Many transcriptional control elements affecting DNA secondary structure, such as enhancers or silencers, can reside considerable distances from their target genes, sometimes many megabases (Visel et al. 2009). However, in the RH system such elements will not have an effect unless physically linked to the gene they control. Therefore, it is unlikely that this phenomenon affects the resolution or identity of the RH interaction peaks.
Novel genes
In the previous analyses, we ignored interactions if there was no known human gene or microRNA within 500 kb of a marker's position. At FDR <5% in the fully combined data set, this left about 525,000 interactions unannotated, or ∼7% of the total interaction number, corresponding to 617 novel genes (Supplemental material).
A single, representative RH network
For all remaining analyses, we used only the fully combined network at FDR <5%. To create the network, a set of 20,113 human genes, consisting of 18,781 known genes, 715 microRNAs, and the 617 novel genes, were used. Of the 20,113 genes, 1789 genes possessed no edges since they were located on the genome such that no marker could claim that gene as its nearest. Between the remaining 18,324 genes were 7,248,479 edges. The number of edges (degree) per node ranged from zero to 5210, with a mean of 791.15 and a median of 605, suggesting positive skewing (Supplemental Fig. S11).
The gene with the highest number of edges was a novel gene detected by the RH data, RH_167. The known gene with the highest number of edges was AUTS2, which has been linked to autism spectrum disorders (Auranen et al. 2002) and mental retardation (Kalscheuer et al. 2007). Only two genes had zero edges, VAMP7 (also known as SYBL1) and the microRNA MIR1977.
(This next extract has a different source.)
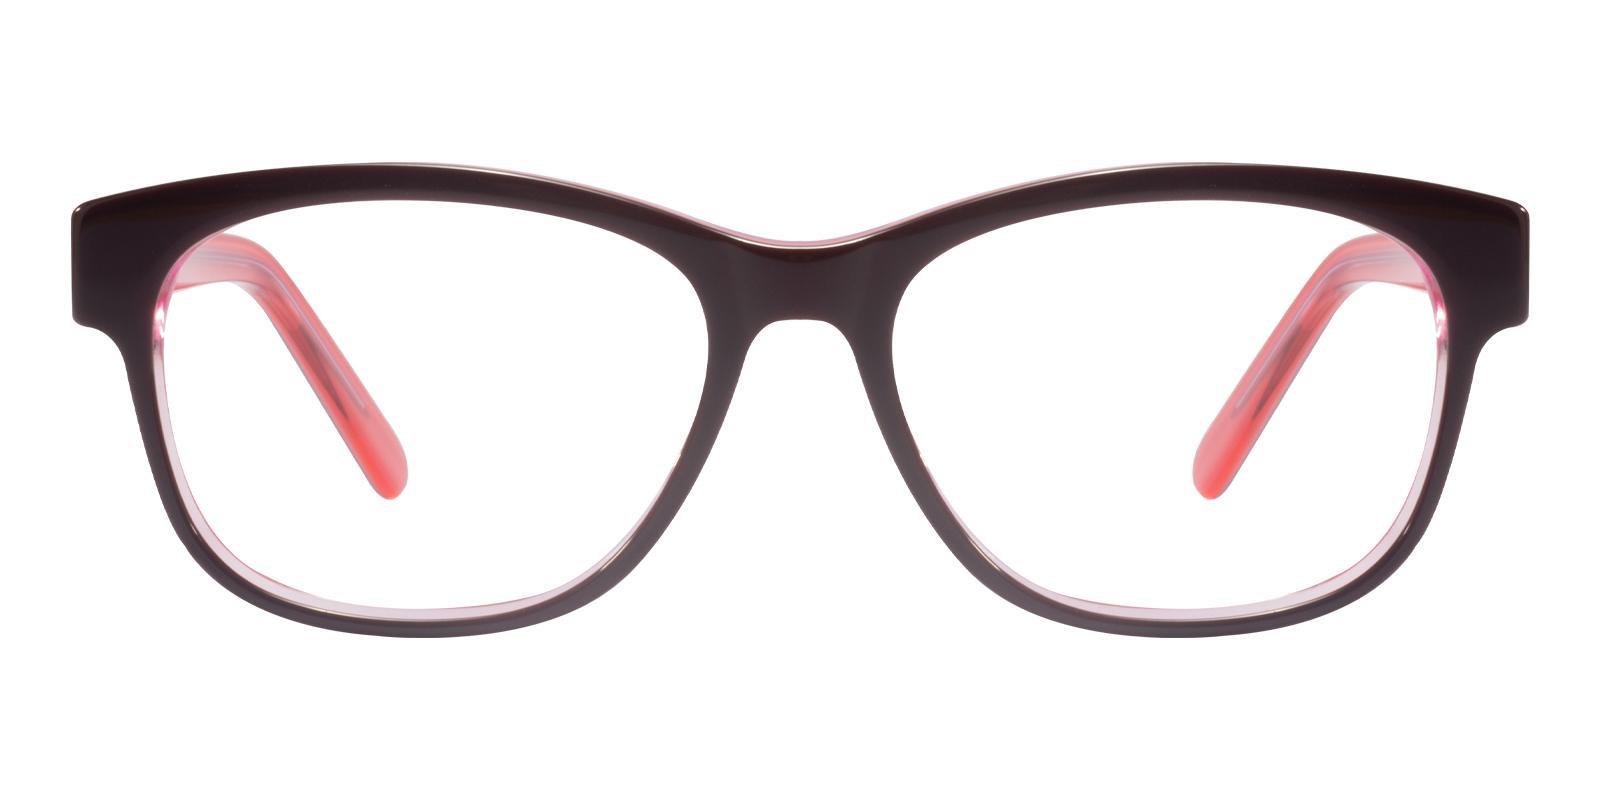 Doubell Red Acetate Eyeglasses , UniversalBridgeFit Frames from ABBE Glasses

A subnetwork consisting of cyclooxygenase-1 (COX1 or PTGS1) and all nodes within two edges at FDR <10−6 is displayed in Figure 5A. Consistent with its role in prostaglandin synthesis, COX1 showed attractive connections with the prostaglandin D2 receptor (PTGDR) and the prostaglandin E receptor 1 (PTGER1) (Smith and Dewitt 1996). Interestingly, these two receptors were connected to each other by receptor expression enhancing protein 4 (C8orf20 or REEP4), itself a transmembrane protein. Family members REEP1 and REEP3 enhance surface expression of taste and odorant receptors (Saito et al. 2004; Behrens et al. 2006), and our data suggest a similar function for REEP4 in the context of prostaglandin receptors. A three-edge subnetwork centered on MTOR (FRAP1) at FDR <10−8 is shown in Figure 5B. An attractive connection between MTOR and glutamyl-prolyl-tRNA-synthetase (EPRS) reflects the role of MTOR in translational regulation.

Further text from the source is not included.